А Майя через алеф принялась одеваться – причем одевалась она тоже через алеф. В общем, Мартышке сразу стало понятно, за что
любит свою
. Майя же, при всех своих тараканах, тоже любила Илью. По-своему, через алеф. Я сам как-то видел, как она заботливо перекладывала его сигареты из пачки с наклейкой «импотенция» в пачку «порок сердца». Смерть – ну та, в платье из полупрозрачного скотча и солнцезащитных очках, тоже это видела. И чуть со смеха не умерла.
А знаешь еще что? В общественном туалете на кикар Сафра, куда я как-то зашел затем же, зачем все заходят в любой общественный туалет, не только на кикар Сафра, а вообще в любой; но в туалете на кикар Сафра, куда я как-то зашел затем же, зачем все заходят в общественный туалет, в кабинке лежала книга «Сводки происшествий 4-й экспедиции Третьего Отделения Собственной Е. И. В. Канцелярии, 1846 года». Правда, репринтное издание. И я в этих сводках вычитал: «Черниговского уезда помещицы Комар стодвадцатилетний крестьянин Астапов, наскучив жизнию, удавился». Так вот, с Майей через алеф это невозможно. Я про «наскучив жизнию». Удавиться – запросто, но только не наскучив жизнию. А потом – ну в смысле, когда они оделись и мы пили пиво, – Майя объяснила нам с Мартышкой: она вообще замуж не собиралась. Ни за кого. Но теперь – подумает. А вот если этот пророк Иеремия еще раз позвонит – она с ним сама разберется.
В общем, не зря она сигареты Ильи из пачки с «импотенцией» перекладывала. Смерть свидетель. А когда они – Майя и Илья – уходили, держась за руки,
и
, – Мартышка им Мадонну Рафаэля подарила. Ну ту, что на чехле айфона у Поллака была.

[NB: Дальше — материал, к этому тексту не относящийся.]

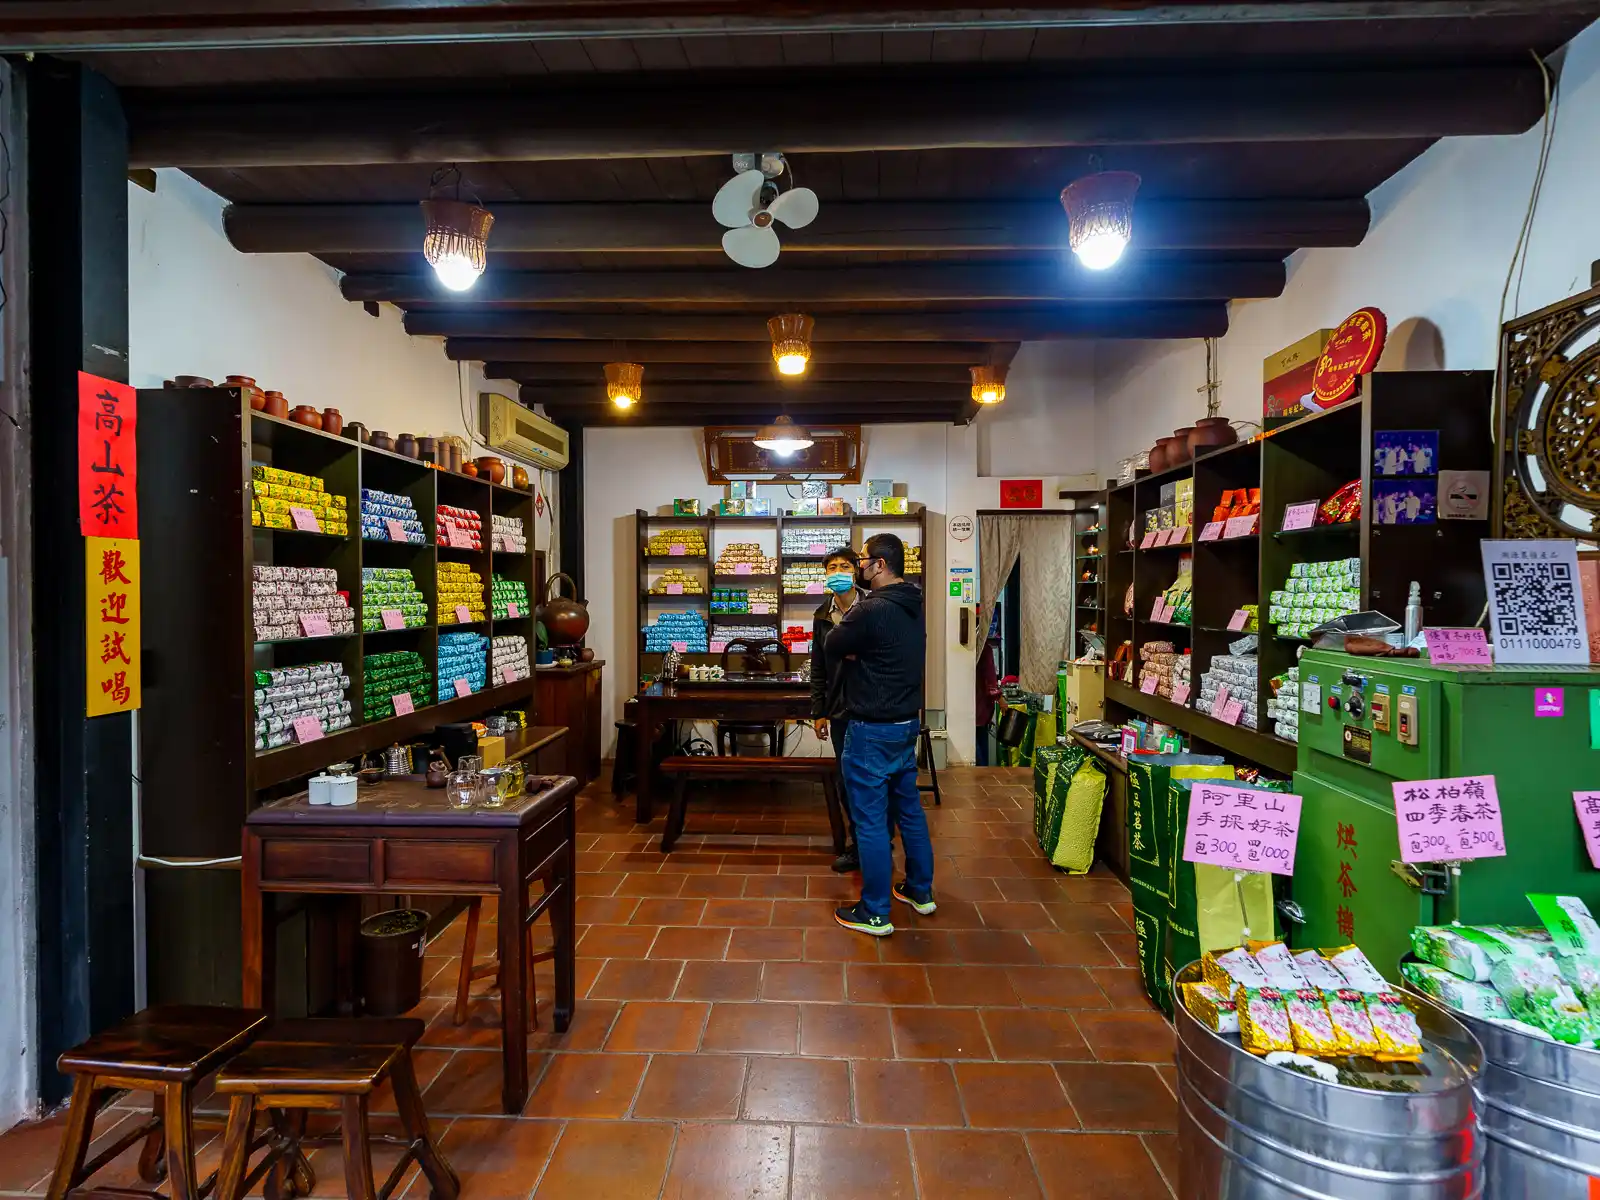 High mountain tea is lines the walls of a first floor shop with a simple interior.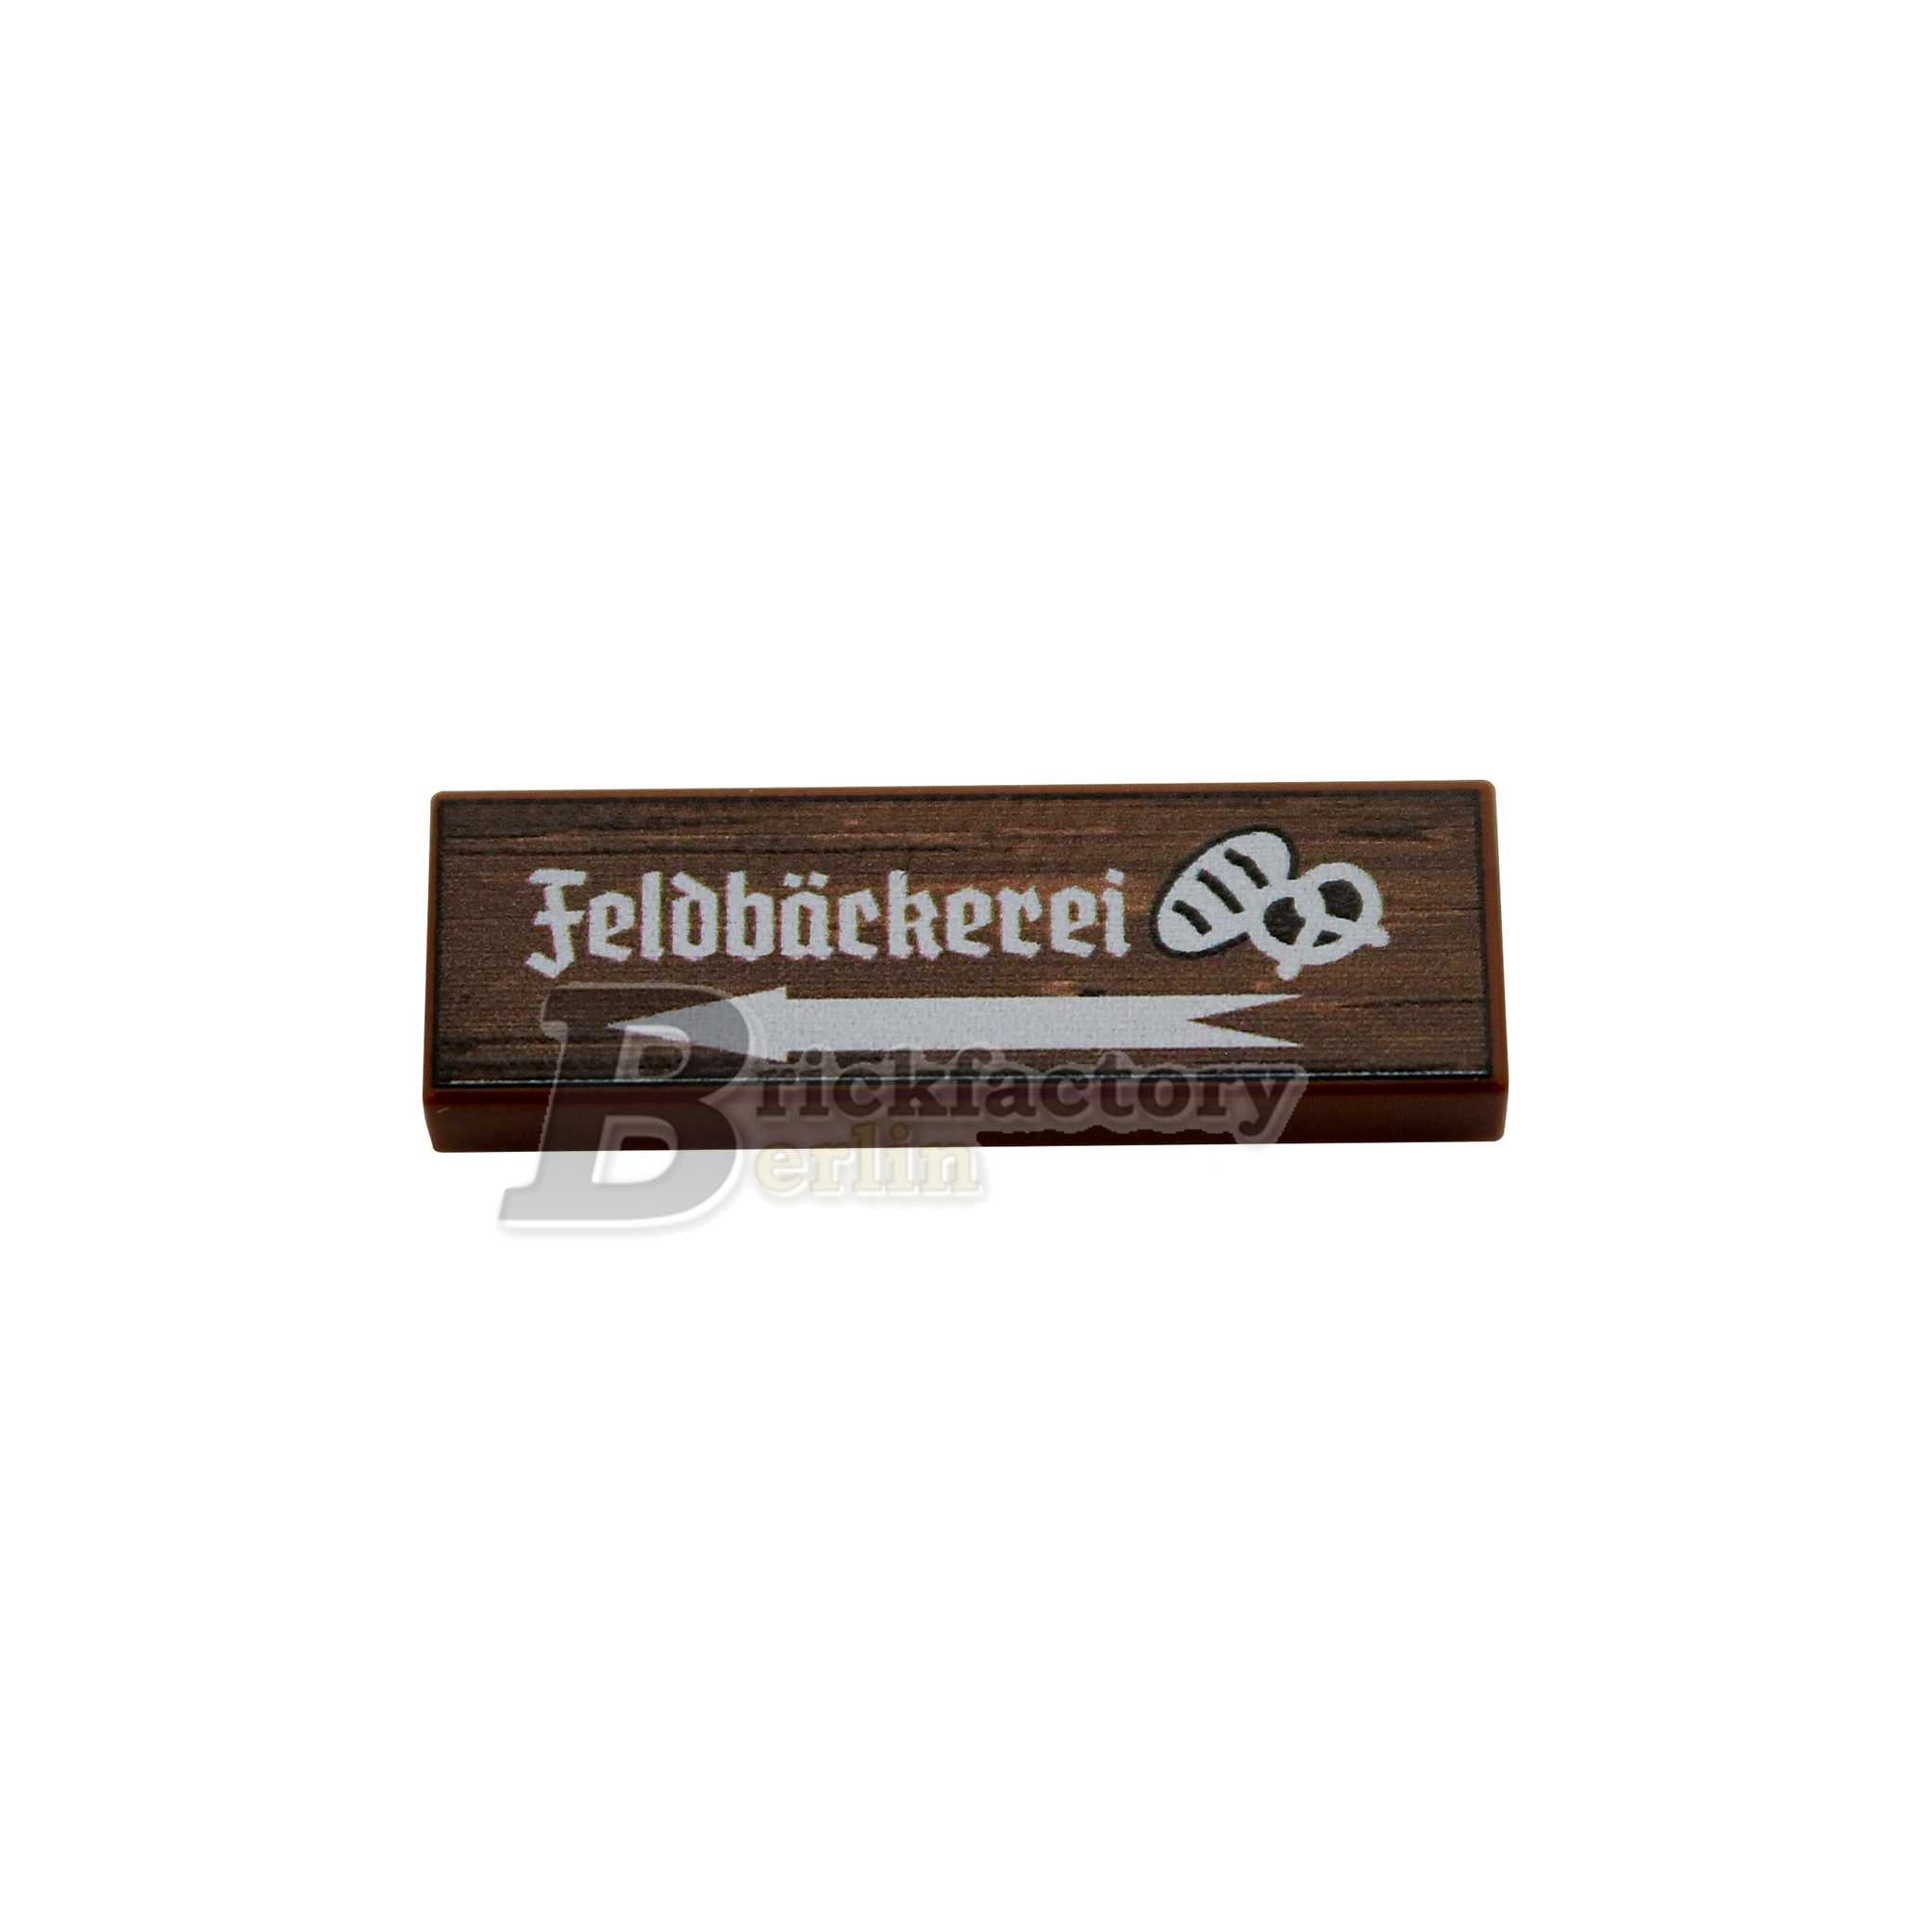 BF-0472D - Field Bakery (Color: Reddish-Brown, Printed LEGO® Tile 1x3)

Благословила, считай.
Сосиски – они все одинаковые
Ну а потом жизнь пошла такая, что вполне можно было и удавиться, наскучив ею. Ежедневный утренний хадж: девятьсот девяносто девять шагов на работу. И столько же в вечерний хадж: девятьсот девяносто девять. Но уже с работы. «И шаг вот этот, – никому – вслед», как Марина учила. Цветаева. Только у нее один шаг, а меня – девятьсот девяносто девять. И все – никому – вслед. Жил, как по навигатору. Впереди понедельник, держитесь вторника, сверните в четверг, в субботу не превышайте. Не забудьте пристегнуться и почистить зубы. Утро – это когда ты идешь на работу, а вечер – это когда с работы. Как только солнцу не надоедает воскресать по утрам и умирать ночью?
Даша не отвечала, Недаша в Париже; письма, письма, письма; Илья – черт его знает где; Поллак примерно там же; письма, письма, письма. Ицхак в тюрьме; Иона на кладбище; письма, письма, письма. «И тень вот эта, а меня – нет». Но это утром. А вечером – даже тени нет. А писем становится все больше и больше. Хотя письма спасали. Ну от того, что Даша не отвечала, а Недаша в Париже. И от того, что Иона на кладбище, а Ицхак в тюрьме, – тоже. Еще Мартышка спасала. Ну потому что рядом была. Она со мной этот хадж совершала – девятьсот девяносто девять шагов до Шивтей Исраэль, 24, а после работы мы заходили в магазинчик на улице Лунц, 9. Там нас уже все продавщицы знали: вам как всегда? Пачку сигарет и сосиску? Молочные сегодня свежие. Давали понюхать сначала мне, потом Мартышке. И так много сосисок прошло. А уж пачек сигарет – еще больше.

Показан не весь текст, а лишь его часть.